To date, two avenues have been followed to overcome immunologic rejection in transplanted blood vessels: attenuation of immune responses in the host through immunosuppressive drugs22 23 24 and reduction of graft antigenicity with different preservation and preparation techniques.4 5 6 9 10 However, clinical trials applying either approach have not yet demonstrated an unequivocal reduction in the incidence of rejection. The use of immunosuppressants like cyclosporine may considerably reduce leukocyte infiltration or delay the development of intimal hyperplasia but cannot entirely suppress the rejection process.22 23 These drugs also pose additional risks and side effects and are poorly tolerated by the often polymorbid cardiovascular patients.24 Cryopreservation techniques, using liquid nitrogen vapor in conjunction with dimethyl sulfoxide, are the currently favored methods of maintaining viability and structural integrity of vascular grafts.5 6 Nevertheless, significant antigenicity of cryopreserved veins and arteries still represents a major obstacle to their widespread use.25 Application of fixatives like glutaraldehyde appears to induce nonspecific inflammatory responses in the adventitia and structural degradation and calcification of the graft. Additional cross-linking of extracellular matrix proteins leads to anastomotic compliance mismatch and subsequent intimal hyperplasia.9 Moreover, fixatives have not been able to homogeneously penetrate the full thickness of the arterial wall, resulting in nonuniform fixation.9

Another approach is decellularization of arterial allografts and xenografts induced by the detergent SDS.15 It reduced the immune injury with preservation of medial elastin in the presence of very few adventitial inflammatory cells. The presence of inflammatory cells, despite complete decellularization, was attributed to minor antigenicity of extracellular matrix components, which are not targeted by the detergent.
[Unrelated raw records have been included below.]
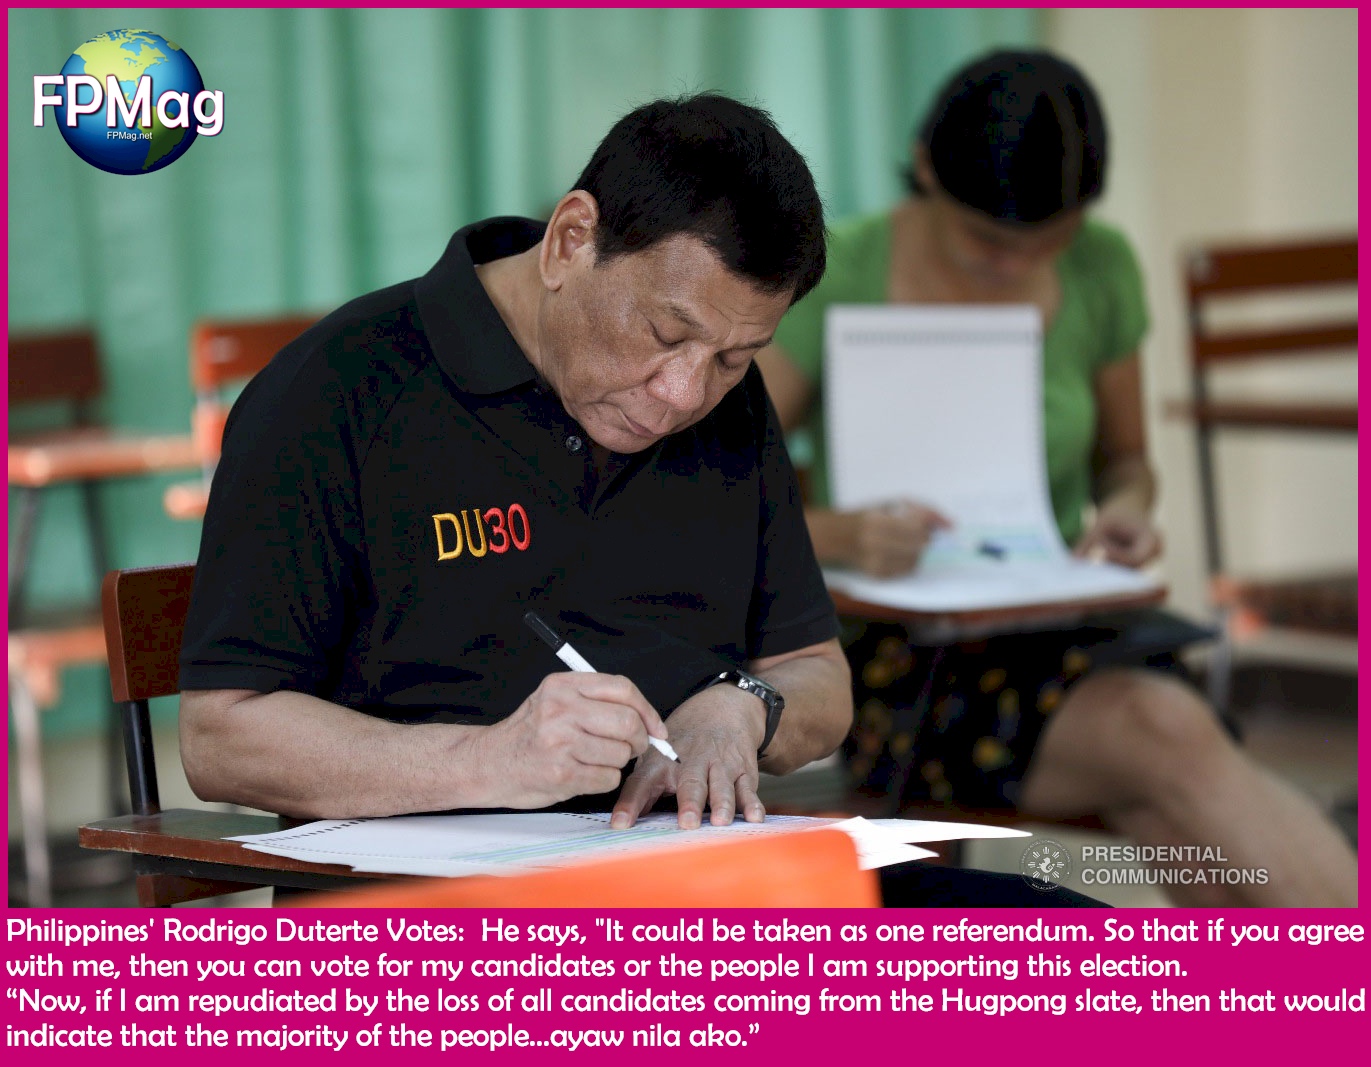 Philippines' Rodrigo Duterte Votes: He says, "It could be taken as one referendum. So that if you agree with me, then you can vote for my candidates or the people I am supporting this election. “Now, if I am repudiated by the loss of all candidates coming from the Hugpong slate, then that would indicate that the majority of the people…ayaw nila ako.”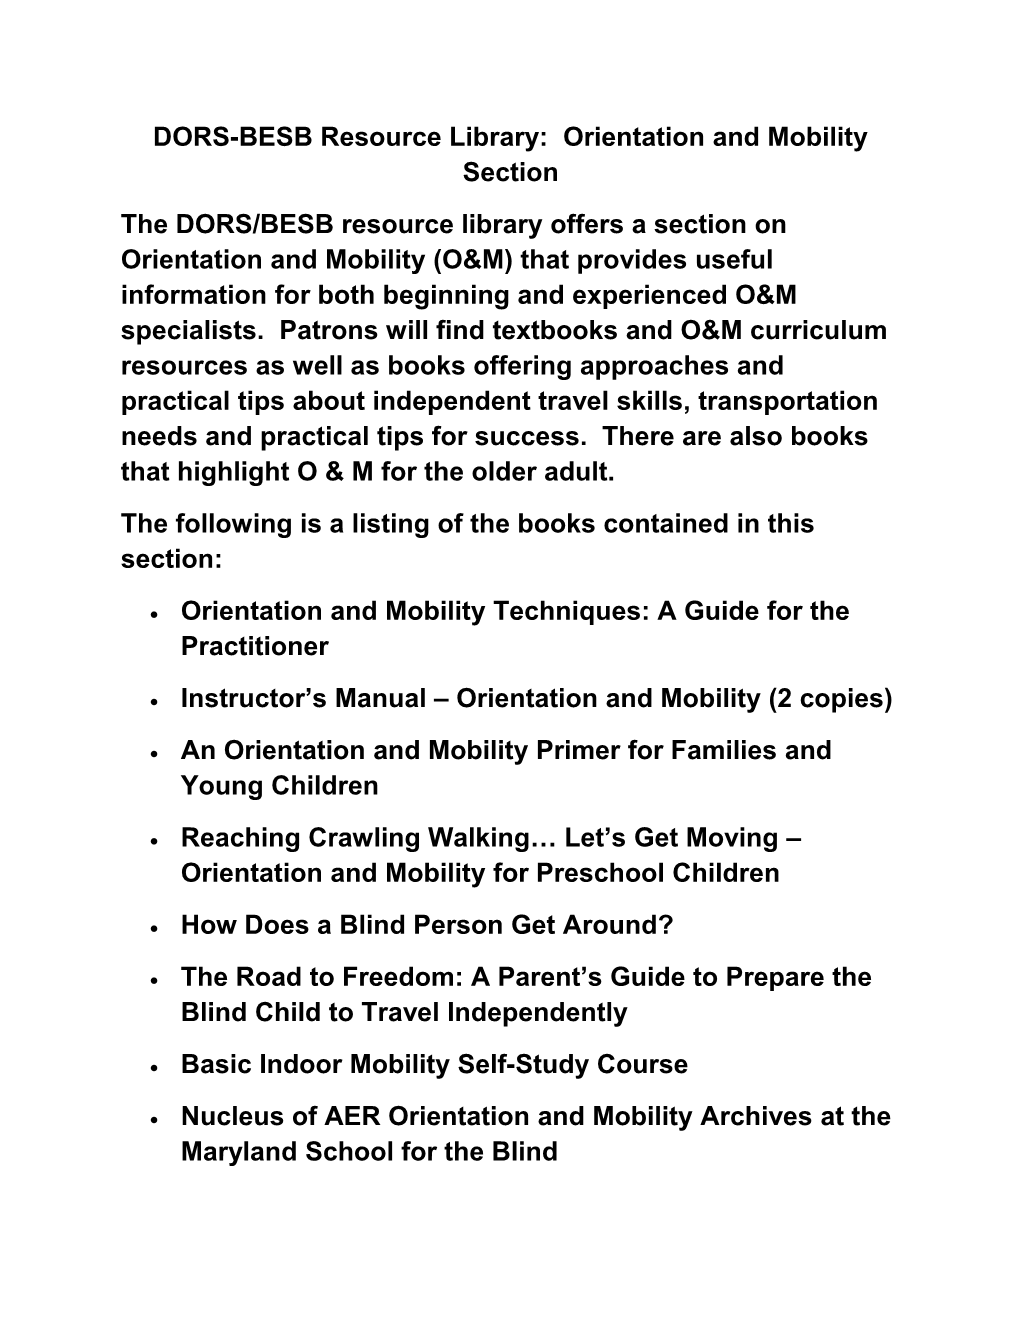 DORS-BESB Resource Library: Orientation and Mobility Section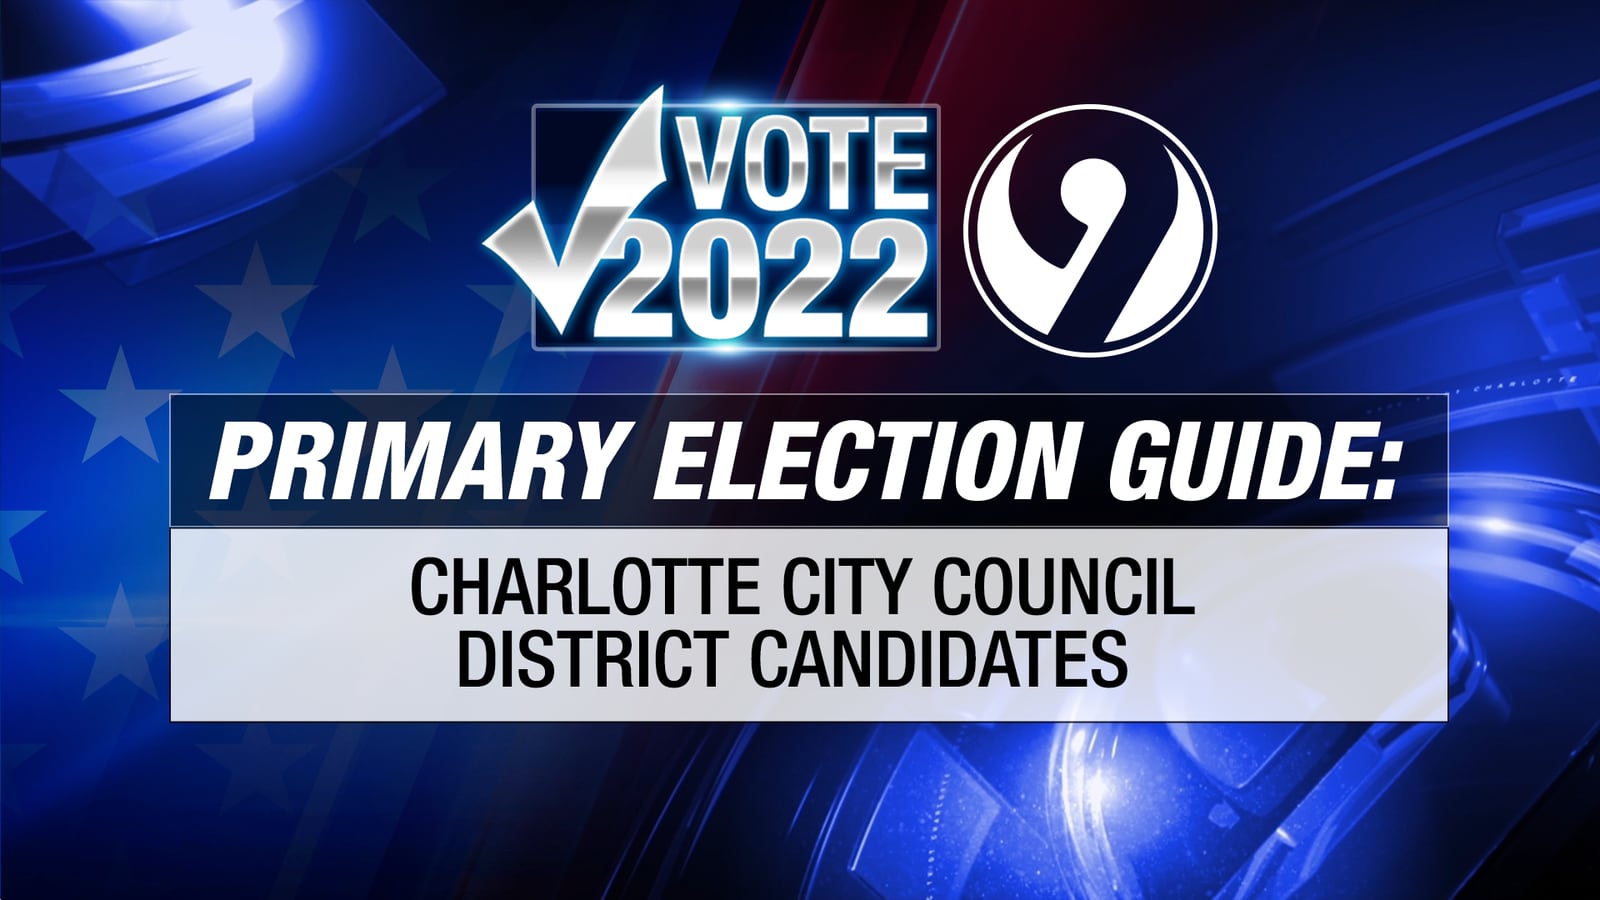 Channel 9 Primary Election Guide Charlotte City Council district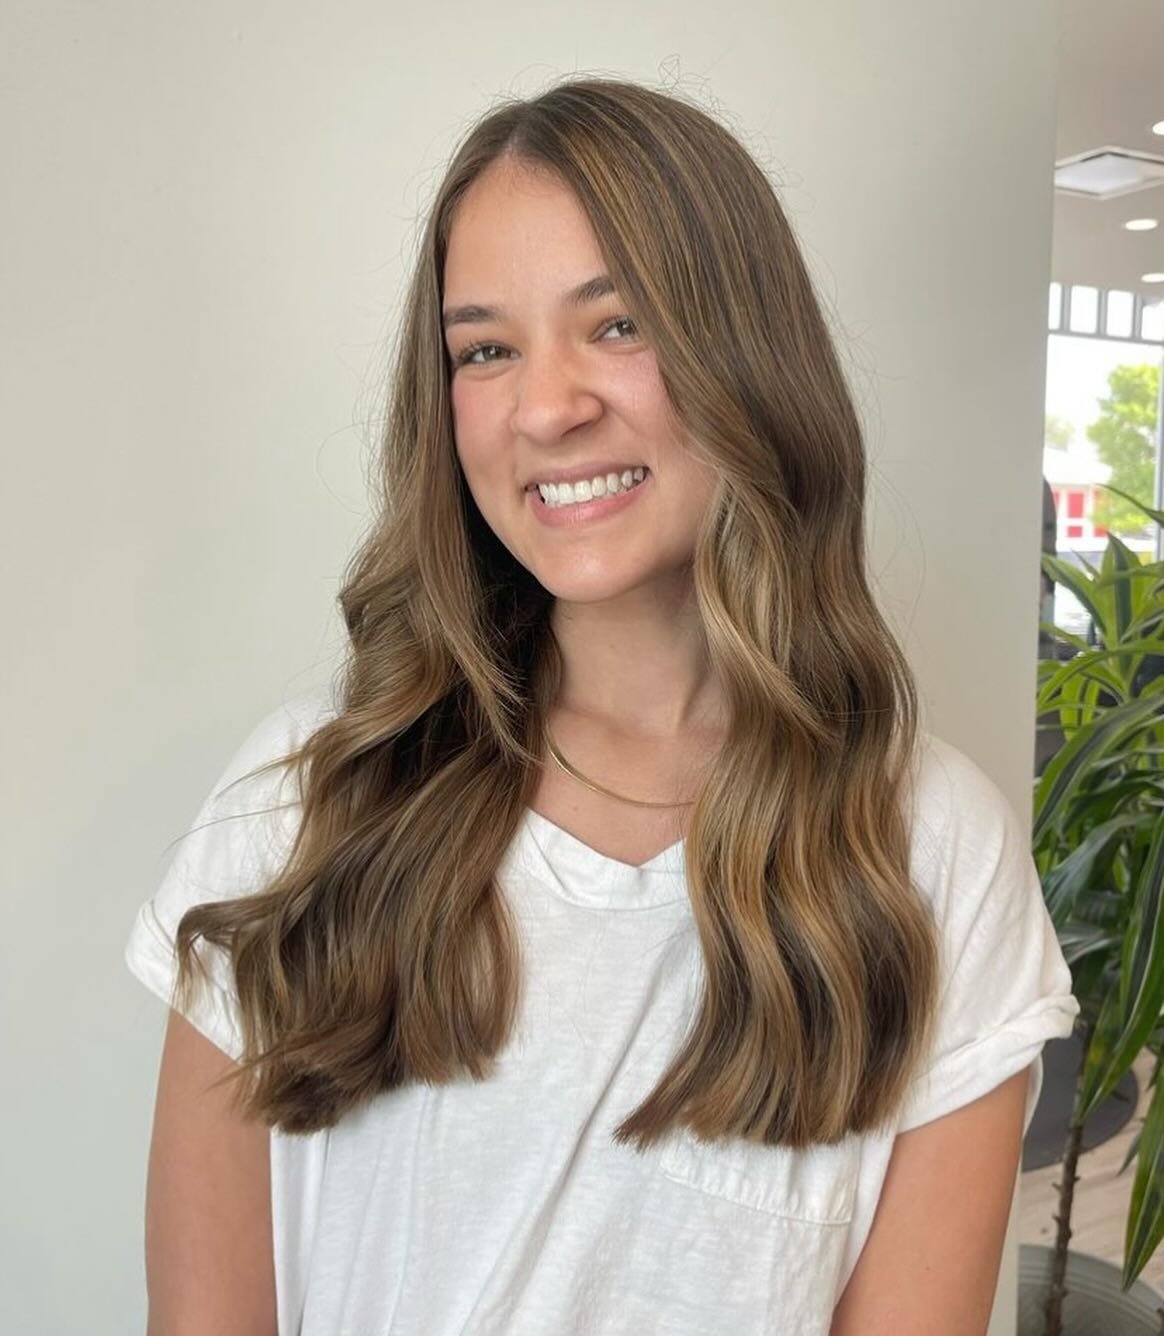 Completely refreshed and ready for summer 🌻 @hair.bykatie21 
.
@neill @aveda 
.
.
.
.
.
#balayagerevolution #hairdying #avedapro #avedasalons #brunettebalayagehair #instabrunette #naturalbrunette #subtlebalayage #smudgeroot #modersalon #undiscovered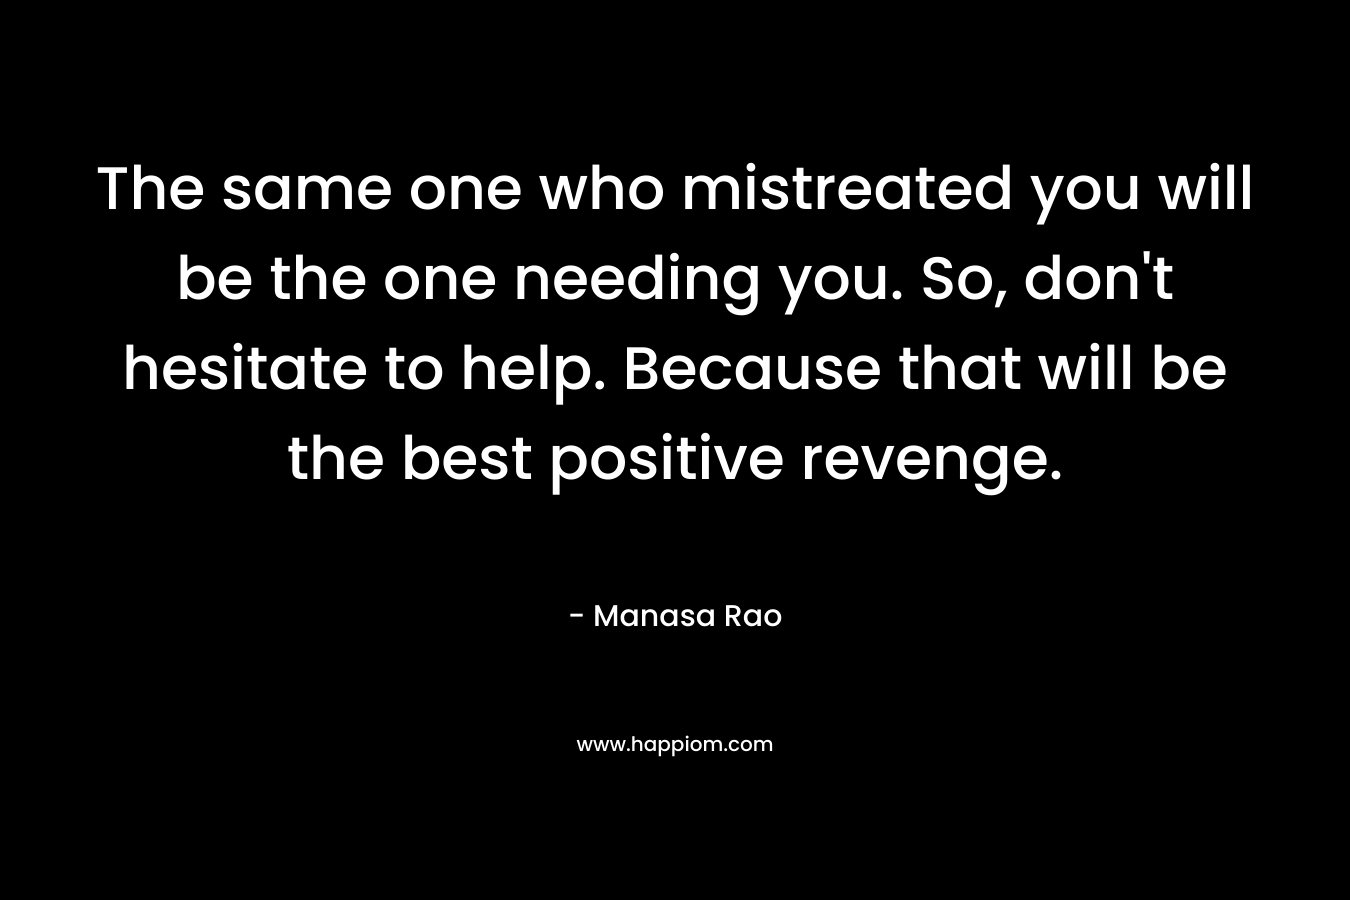 The same one who mistreated you will be the one needing you. So, don’t hesitate to help. Because that will be the best positive revenge. – Manasa Rao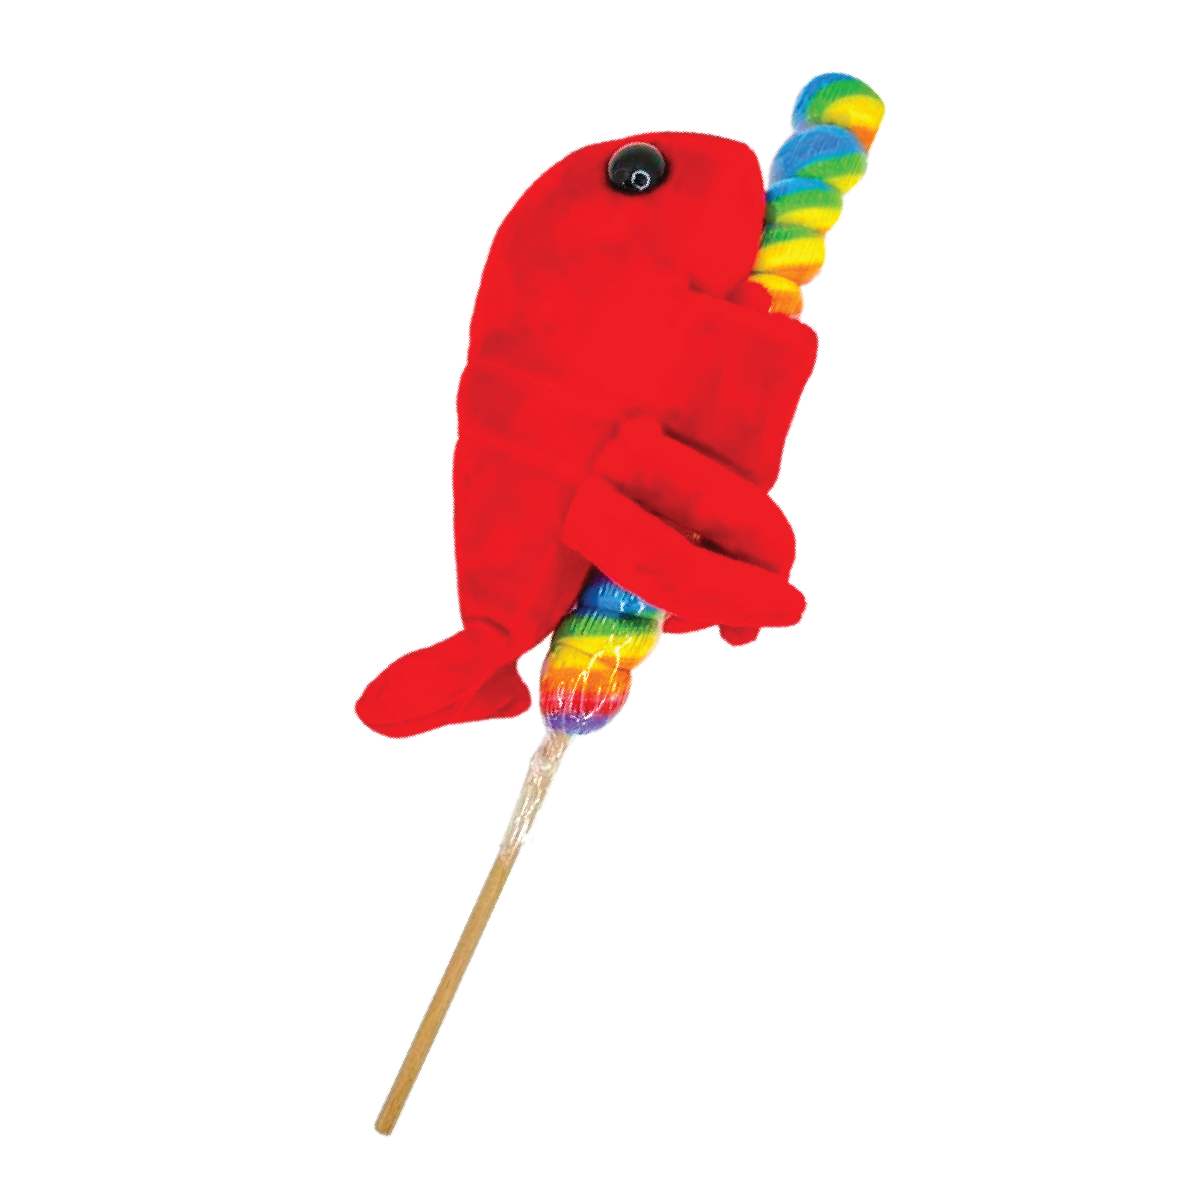 Lobster Snap-On With Lollipop

Our previous studies,13 which demonstrated PDT-induced depletion of cells and additional modification of the remaining extracellular matrix in the arterial wall, prompted this investigation by suggesting that PDT may significantly decrease graft antigenicity. PDT can be considered a specialized and targeted form of chemotherapy in which the drug itself is harmless unless activated by exposure to wavelength-specific light. Alternatively, PDT may also be considered an extension of radiotherapy in which, because of prior sensitization of the tissue, cytotoxicity is induced at much lower radiation energies than with conventional radiotherapy. Similar to ionizing radiation, the PDT effect occurs within a very short time frame and is localized to the irradiated field. Therefore, PDT appeared to be highly suitable for an ex vivo treatment under standardized conditions, right before graft implantation.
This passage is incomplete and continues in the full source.